Critical role of the endocannabinoid system in the regulation of food intake and energy metabolism, with phylogenetic, developmental, and pathophysiological implications.

The endocannabinoid system (ECS) consists of two receptors (CB(1) and CB(2)), several endogenous ligands (primarily anandamide and 2-AG), and over a dozen ligand-metabolizing enzymes. The ECS has deep phylogenetic roots and regulates many aspects of embryological development and homeostasis, including neuroprotection and neural plasticity, immunity and inflammation, apoptosis and carcinogenesis, pain and emotional memory, and the focus of this review: hunger, feeding, and metabolism. The ECS controls energy balance and lipid metabolism centrally (in the hypothalamus and mesolimbic pathways) and peripherally (in adipocytes and pancreatic islet cells), acting through numerous anorexigenic and orexigenic pathways (e.g., ghrelin, leptin, orexin, adiponectin, endogenous opioids, and corticotropin-releasing hormone). Obesity leads to excessive endocannabinoid production by adipocytes, which drives CB(1) in a feed-forward dysfunction. Phylogenetic research suggests the genes for endocannabinoid enzymes, especially DAGLalpha and NAPE-PLD, may harbor mildly deleterious alleles that express disease-related phenotypes.
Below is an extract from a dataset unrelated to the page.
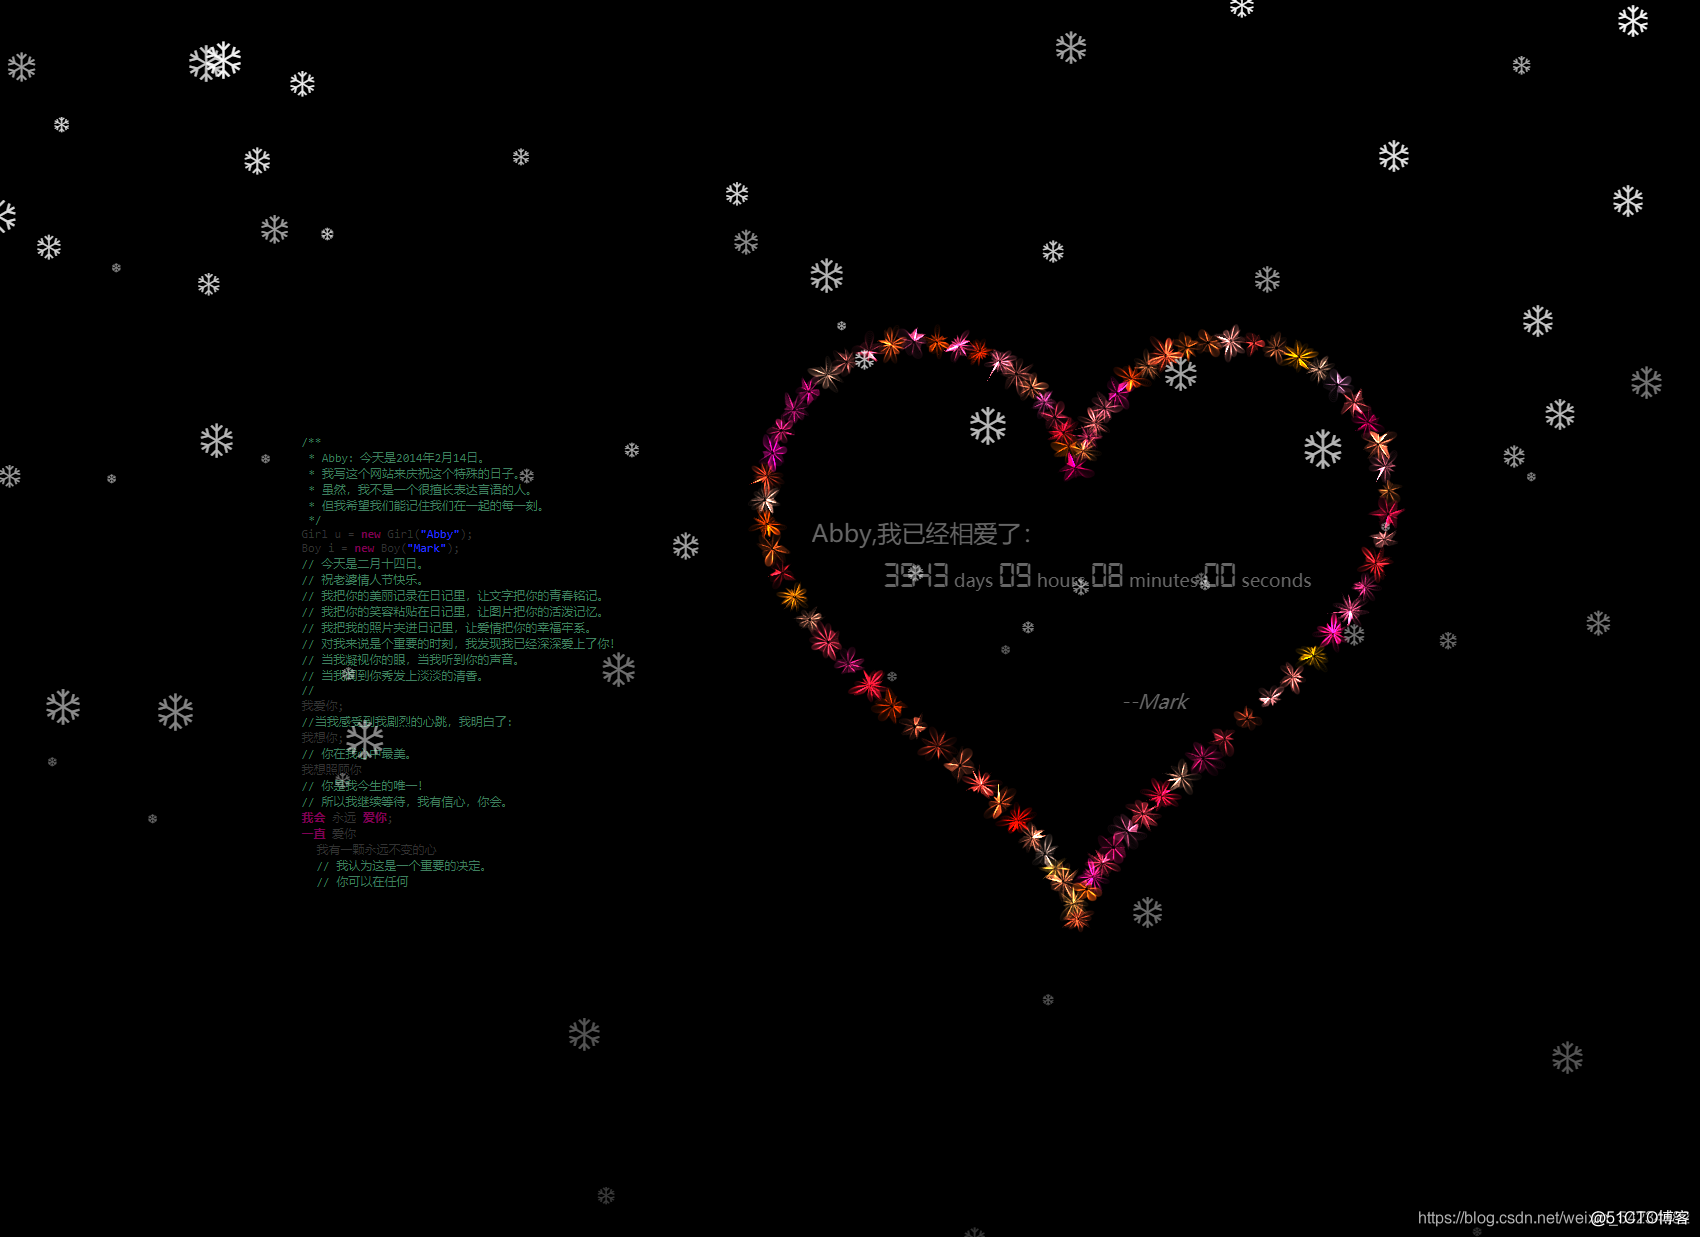 ❤女朋友生日❤ HTML+css3+js 实现抖音炫酷樱花3D相册 (含背景音乐)程序员表白必备_css_28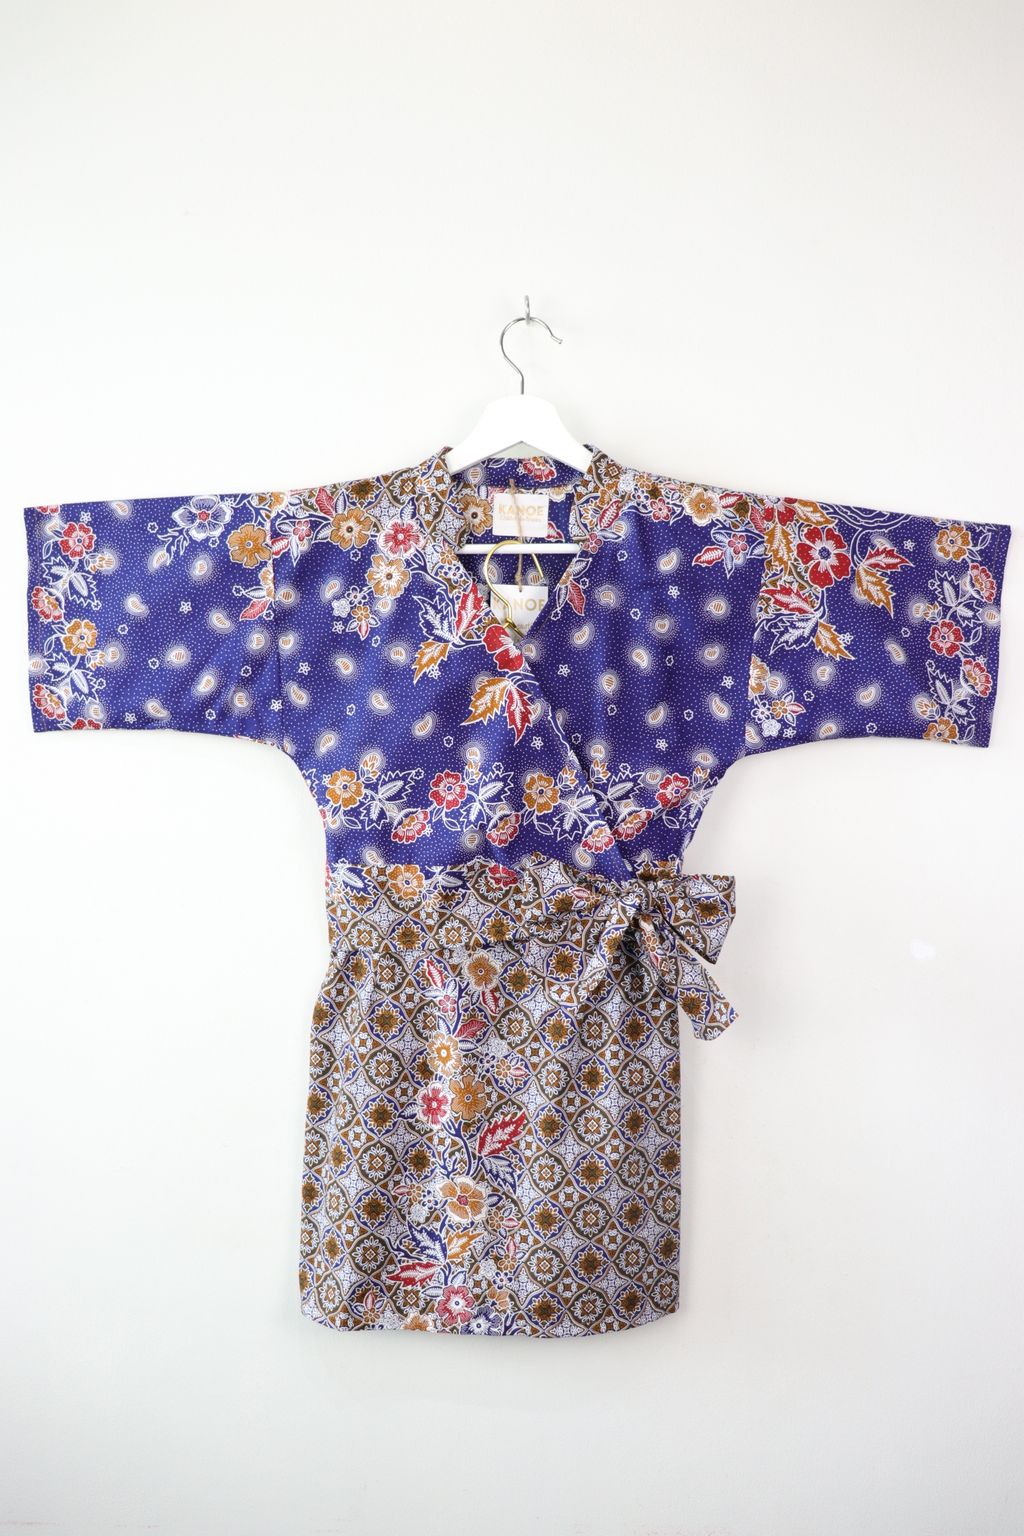 batik-kimono-wrap-matching-set24

Several CB(1) inverse agonists have been developed for the treatment of obesity, including rimonabant, taranabant, and surinabant. These drugs are efficacious at reducing food intake as well as abdominal adiposity and cardiometabolic risk factors. However, given the myriad beneficial roles of the ECS, it should be no surprise that systemic CB(1) blockade induces various adverse effects. Alternatives to systemic blockade include CB(1) partial agonists, pleiotropic drugs, peripherally restricted antagonists, allosteric antagonists, and endocannabinoid ligand modulation. The ECS offers several discrete targets for the management of obesity and its associated cardiometabolic sequelae.